The manager (commonly AuthorityAuthorizationManager) checks the authorities of the current Authentication against the required permissions for the request. Example DSL configuration:

@Bean
static SecurityFilterChain mySecurityFilterChain(HttpSecurity http) throws Exception {
    http.authorizeHttpRequests(requests ->
        requests
            .requestMatchers("/admin").hasAuthority("ROLE_ADMIN")
            .requestMatchers("/hello").hasRole("USER")
            .anyRequest().authenticated()
    );
    http.formLogin(withDefaults());
    return http.build();
}

Methods like hasAuthority and hasRole ultimately create an AuthorityAuthorizationManager that compares the required authority with the collection returned by Authentication.getAuthorities(). The hasRole shortcut automatically prefixes the role name with ROLE_.

Customising the Stack

Most components are replaceable: UserDetailsService – replace the in‑memory default with a database‑backed JdbcUserDetailsManager or a custom implementation. PasswordEncoder – choose BCryptPasswordEncoder, Argon2PasswordEncoder, scrypt, etc., according to security policy. AuthenticationProvider – implement a custom provider that calls an external authentication API. AuthorizationManager – supply a bespoke manager for complex permission logic.

Debugging Tips

When a request is denied, start debugging at the filter that performs the check:

Authentication problems – set a breakpoint in UsernamePasswordAuthenticationFilter.doFilter (or any custom authentication filter).

Authorization problems – debug AuthorizationFilter.doFilter.

The ExceptionTranslationFilter catches AuthenticationException and AccessDeniedException, delegating to an AuthenticationEntryPoint or an AccessDeniedHandler respectively. Enabling DEBUG logging for org.springframework.security shows the full filter list (search for "Will secure any request with").

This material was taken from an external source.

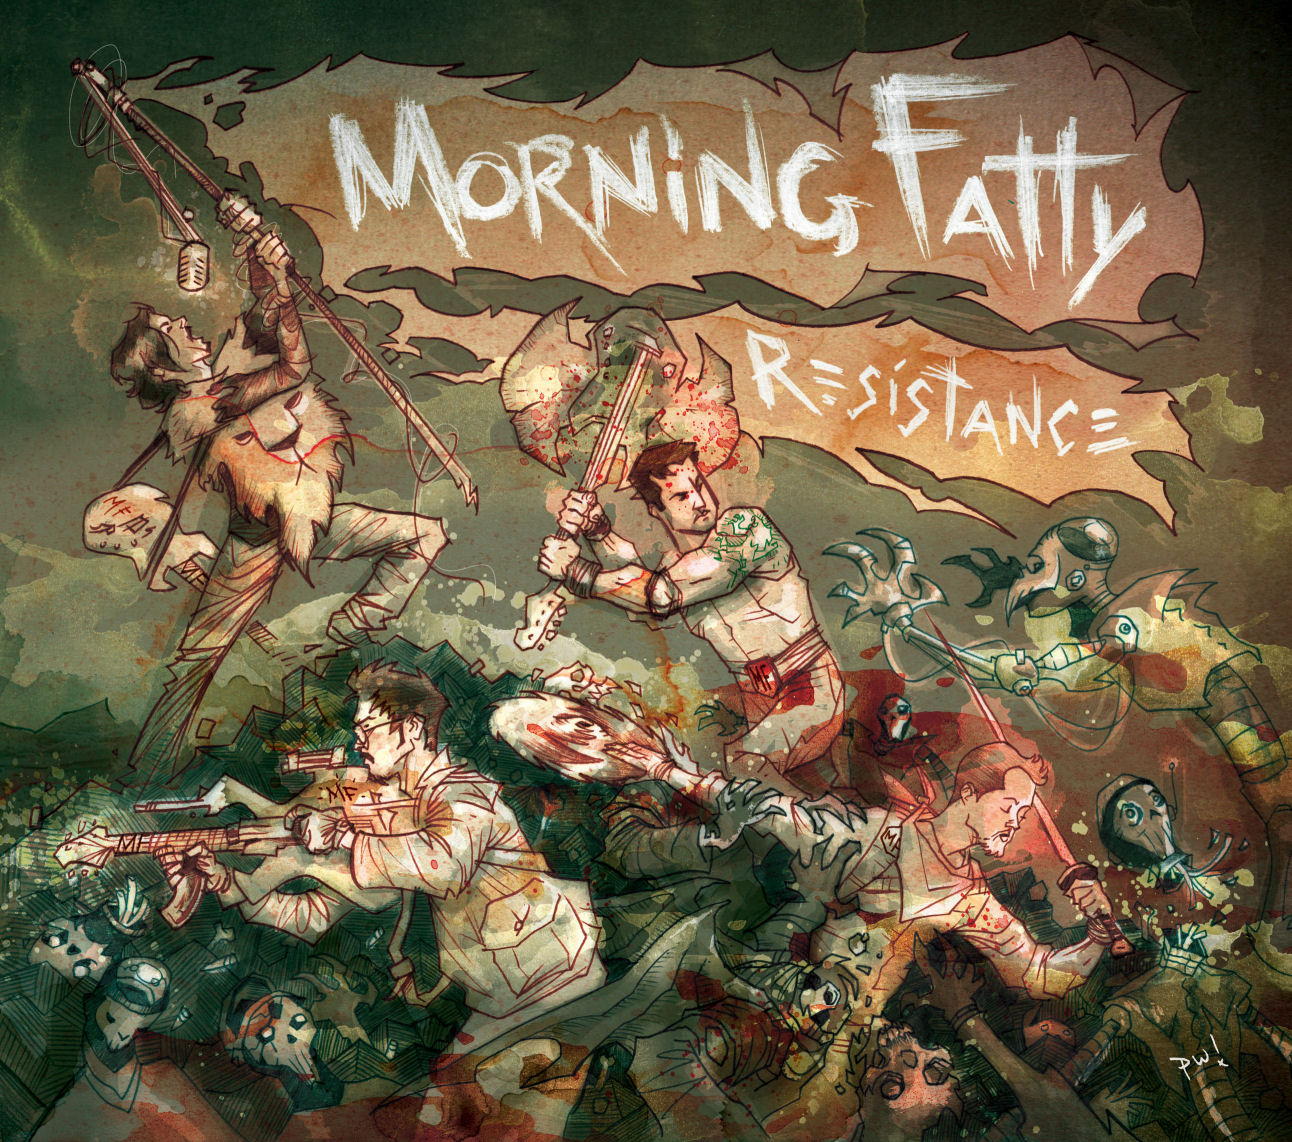  Morning Fatty – Some Songs From Resistance (¿)
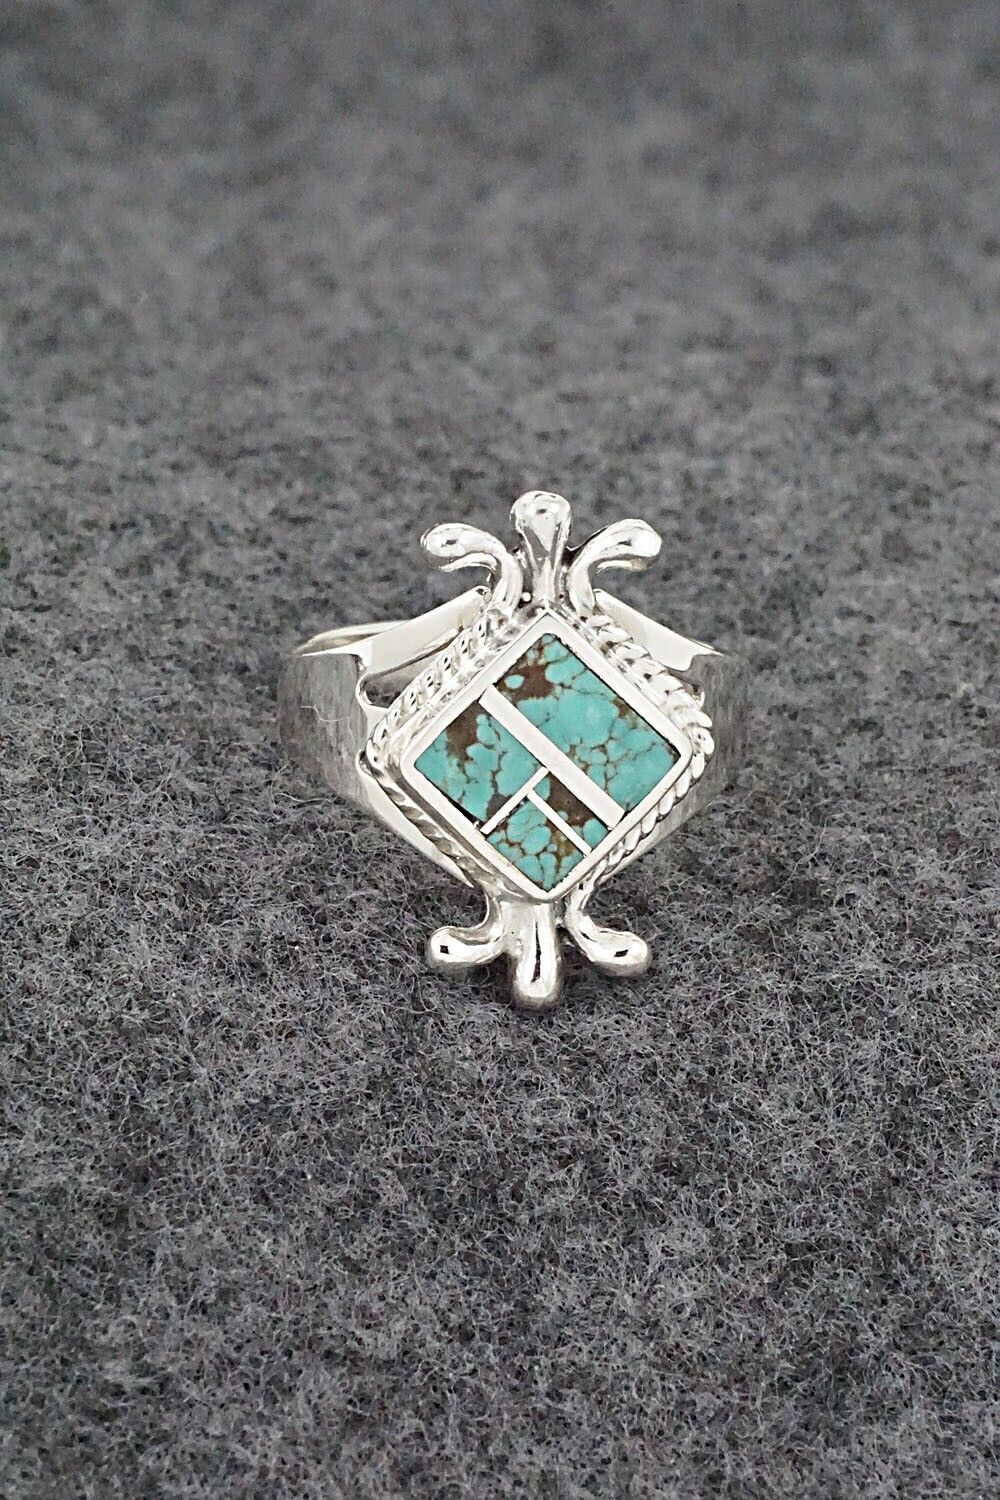 Turquoise & Sterling Silver Inlay Ring - James Manygoats - Size 8

Key Interfaces and Classes

SecurityFilterChain

– matches request and provides ordered filters. FilterChainProxy – selects the appropriate SecurityFilterChain for a request. DelegatingFilterProxy – bridges servlet container and Spring bean. AuthenticationManager / ProviderManager – orchestrates authentication providers. AuthenticationProvider – concrete authentication logic (e.g., DaoAuthenticationProvider). Authentication – token representing authentication result. AuthorizationManager / AuthorityAuthorizationManager – evaluates access decisions.

Architecture Diagram

The diagram shows how an incoming HTTP request passes through DelegatingFilterProxy, then through the selected SecurityFilterChain (a series of filters), ending with the application controller once authentication and authorization succeed.

Conclusion

This article dissected the core of Spring Security 6.1, focusing on the filter‑based architecture, the authentication pipeline (from UsernamePasswordAuthenticationFilter to ProviderManager), and the authorization flow via AuthorizationFilter and AuthorizationManager. Understanding these building blocks enables developers to customise security, replace default components, and efficiently debug issues.